Нет. На жизнь он не жаловался, многие и того хуже прожили. Вон, хоть на этих погляди: глаза пустые, как у рыбы мороженной, синие все, от наколок... Ясно, как Божий день - долго в тюрьме, да ещё в такой компании, он не протянет. Либо от своих застарелых хвороб сам загнётся, либо эти помогут.

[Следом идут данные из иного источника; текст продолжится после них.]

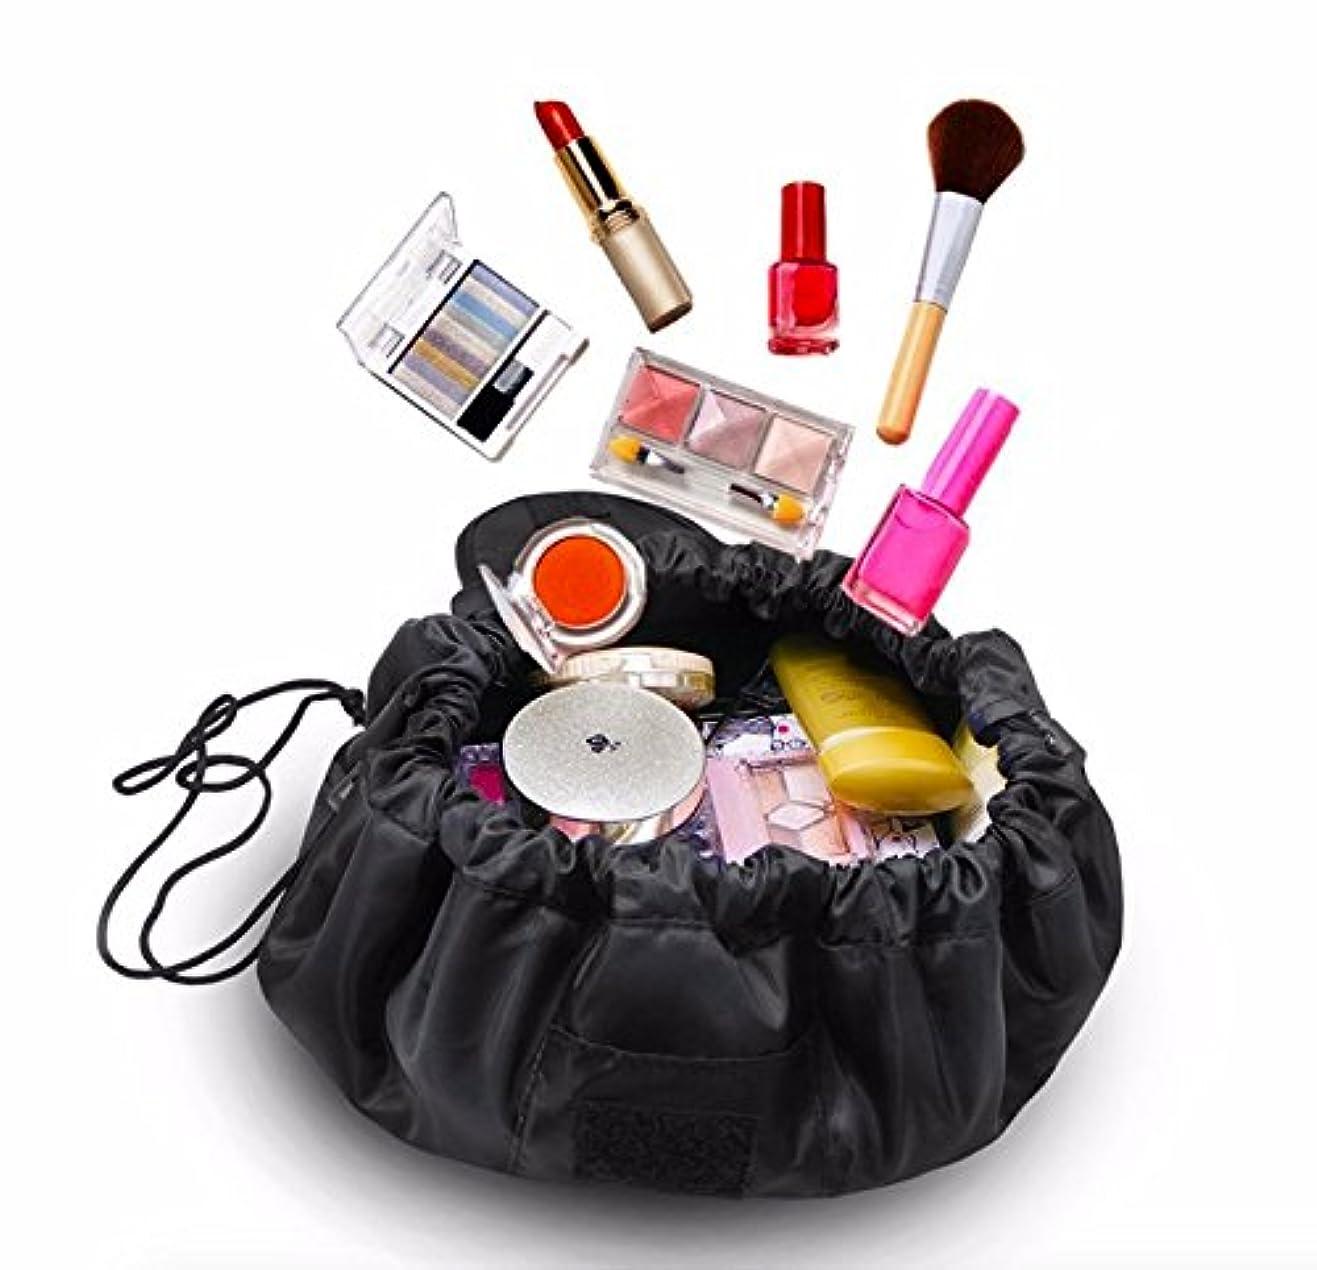 判定マルクス主義とまり木大容量 防水化粧品収納バッグ 折り畳み 外泊 出張 持ち運び旅行収納 (黒)

Пора подводить итоги. Похвастаться-то особо нечем. Жил, как все. После армии и месяца не отгулял, устроился на завод. Там и с будущей женой познакомился. В то время с семьёй не затягивали, в его цеху мало кто после двадцати пяти бобылём ходил. Так и пошло по накатанной. Работа, дом, поездка в Москву за продуктами на неделю по субботам, сон, едва не до обеда, по воскресеньям, телевизор до позднего вечера. Маша, жена, долго забеременеть не могла, что-то по женской части у неё неладно было. Уж по каким врачам они только не мыкались! Всё бестолку. Думали, так свой век вдвоём и прокукуют, ан нет, понесла Машенька аж на тридцать девятом году жизни. Врачи отговаривали, мол, здоровье слабое, да и возраст для первого ребёнка неподходящий. Какое там! Упёрлась баба, не свернёшь. Ничего, девочку родила. Вот только с того времени здоровьем таять стала. Им и квартира по очереди ко времени подошла. Почитай последние от завода получить успели. А там такое в стране началось, в страшном сне не приснится. Завод на глазах сыпаться начал. Зарплату по три месяца задерживали, в магазинах шаром покати. Жена дома, с дочуркой, он смену на заводе, а вечерами на товарную станцию, вагоны разгружать, там за работу деньги сразу выдавали. К выходным он с ног валился от усталости, а денег всё равно не хватало. Маша, как он её не отговаривал, пошла подъезды в их доме мыть. Трудно жили, зато ладно. Благо, сам-то он насчёт спиртного никогда не усердствовал, так выпьет на красный день, и ладно. А сколько знакомых семей порушилось. Страсть! У многих мужиков тогда  от отчаянья руки опускались: пашешь, как проклятый, а денег не платят, а те, которые дают, толком ни на что не хватает. Вот и ударялись люди в какое-то глухое, безудержное пьянство. Дома скандалы, а то и драки. Некоторые так семьями пили.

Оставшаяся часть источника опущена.